WEC 45: Cerrone vs. Ratcliff was a mixed martial arts event held by World Extreme Cagefighting that took place on December 19, 2009 at The Pearl at The Palms in Las Vegas. It marked the first time the WEC has held back-to-back events at The Pearl at The Palms. The event drew an estimated 330,000 viewers on Versus.

Background
Damacio Page was originally slated to face Takeya Mizugaki at this event, but was pulled from the card and replaced by Scott Jorgensen.

Mackens Semerzier was once linked to a bout with Erik Koch at this event, but it was later confirmed that Koch would instead be facing Jameel Massouh.

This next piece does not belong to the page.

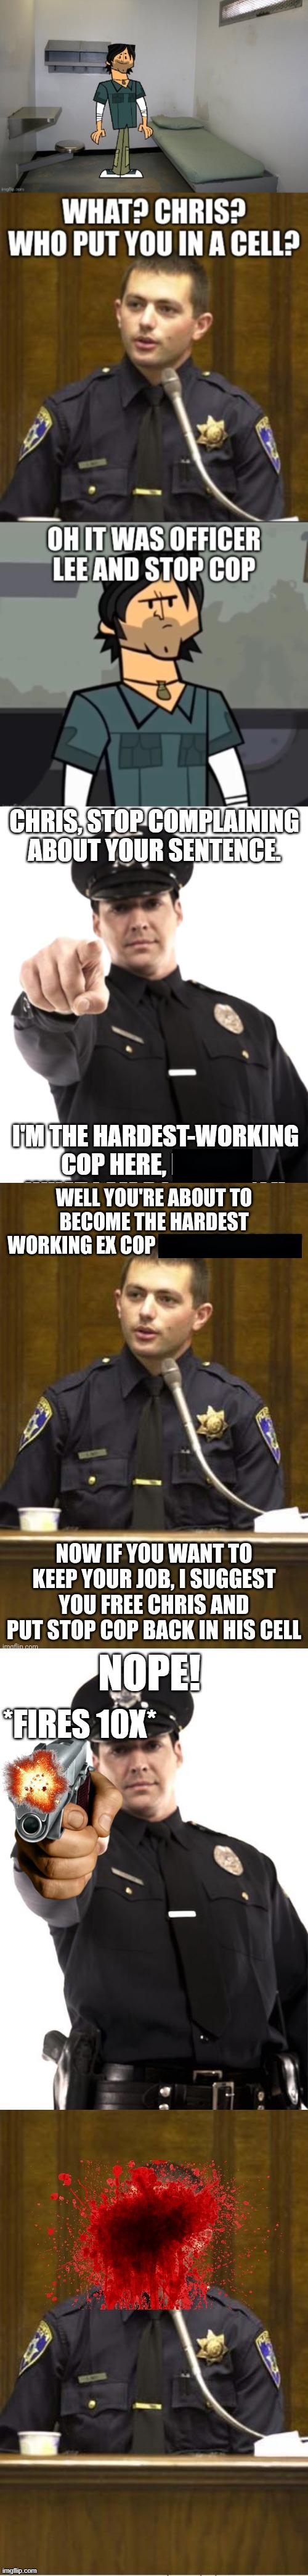 Schnawg didn't listen to my other image | NOPE! *FIRES 10X* | image tagged in police | made w/ Imgflip meme maker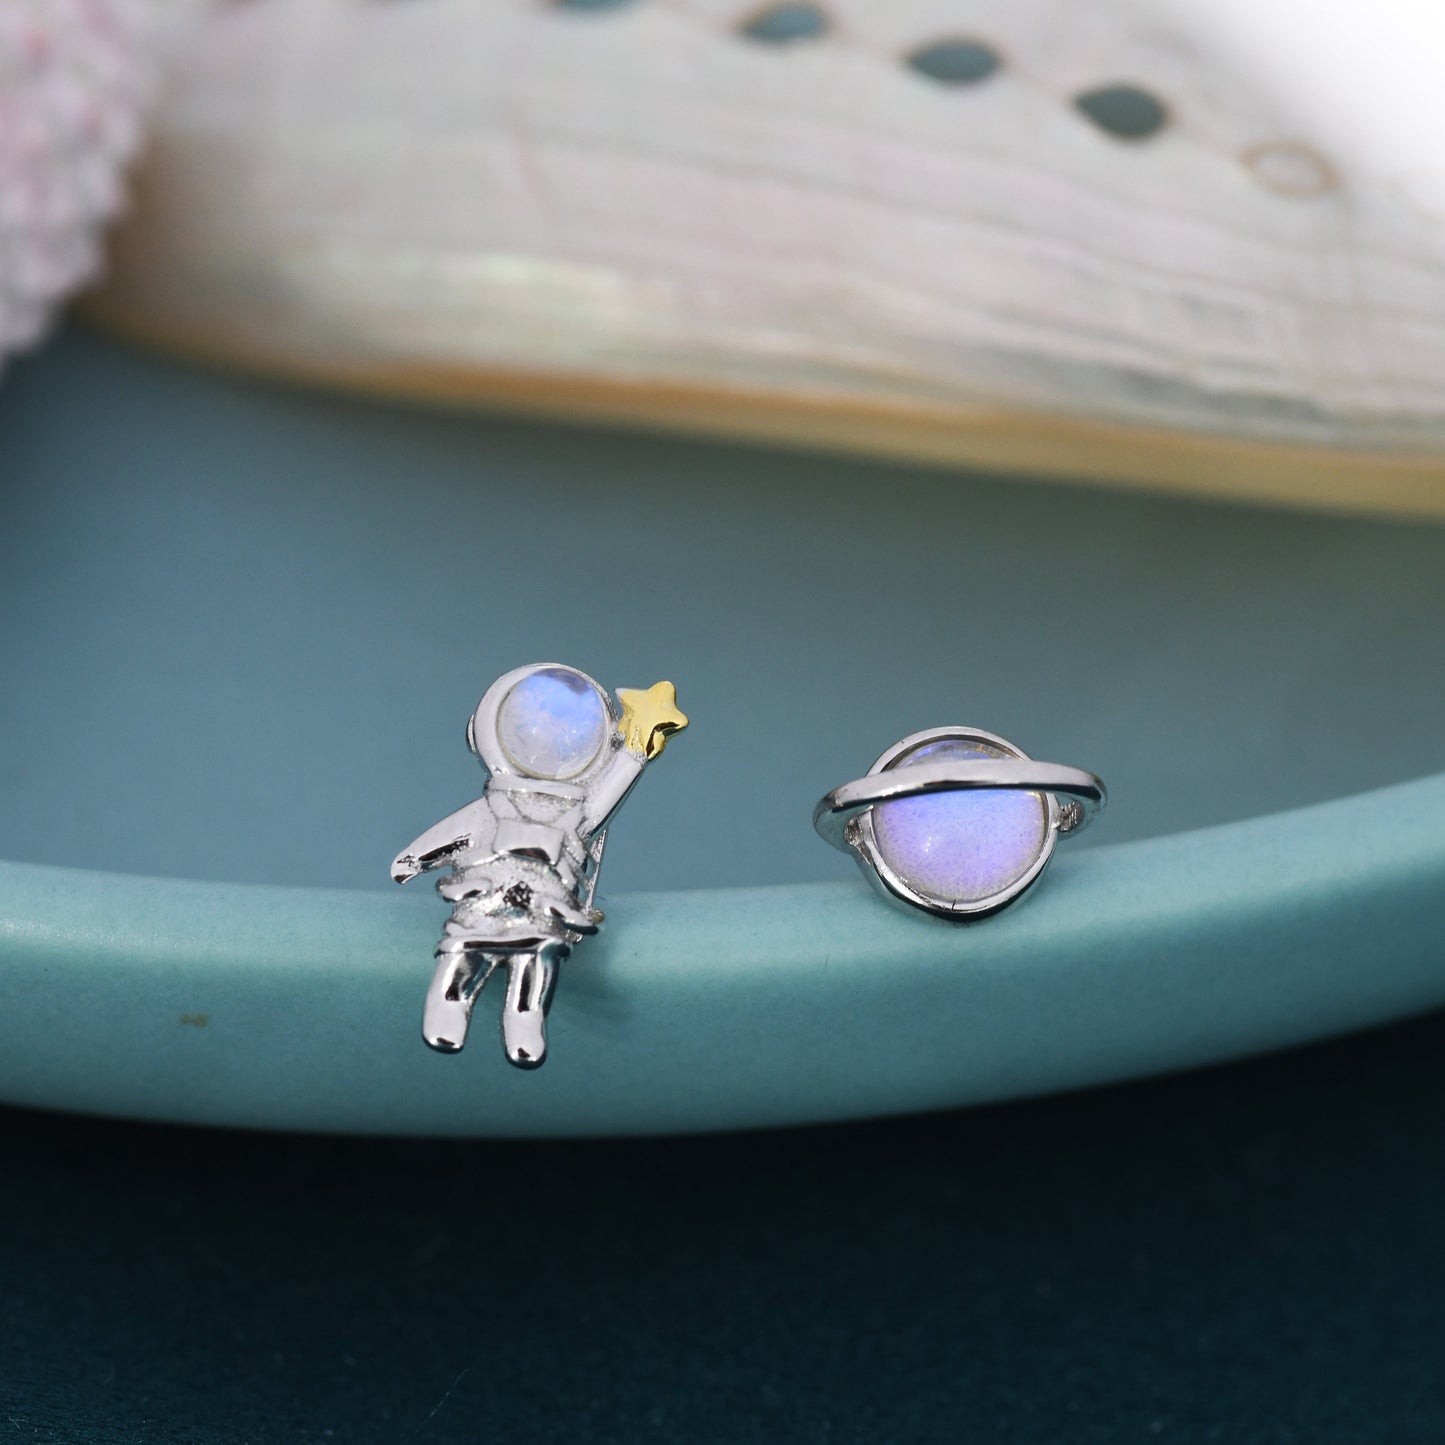 Mismatched Astronaut and Planet  Stud Earrings in Sterling Silver, Asymmetric Planet and Spaceman Earrings with Moonstone, Cute and Fun

Debuting featherweights Brandon Visher and Tyler Toner were scheduled to face each other at this event, but Toner was removed from the event and replaced by fellow WEC newcomer Courtney Buck. The Visher/Toner bout was rescheduled for WEC 48 the following April, where Toner won via TKO.

David Smith was supposed to make his WEC debut against John Hosman at this event, but was later pulled from the card due to injury and replaced by fellow WEC newcomer Chad George.

Results

Bonus Awards

Fighters were awarded $10,000 bonuses.

Fight of the Night:  Donald Cerrone vs.  Ed Ratcliff
Knockout of the Night:  Anthony Njokuani
Submission of the Night:  Brad Pickett

Fighters were awarded $5,000 bonuses.

Second Fight of the Night: Takeya Mizugaki vs.  Scott Jorgensen

Reported payout 
The following is the reported payout to the fighters as reported to the Nevada State Athletic Commission. It does not include sponsor money or "locker room" bonuses often given by the WEC and also do not include the WEC's traditional "fight night" bonuses.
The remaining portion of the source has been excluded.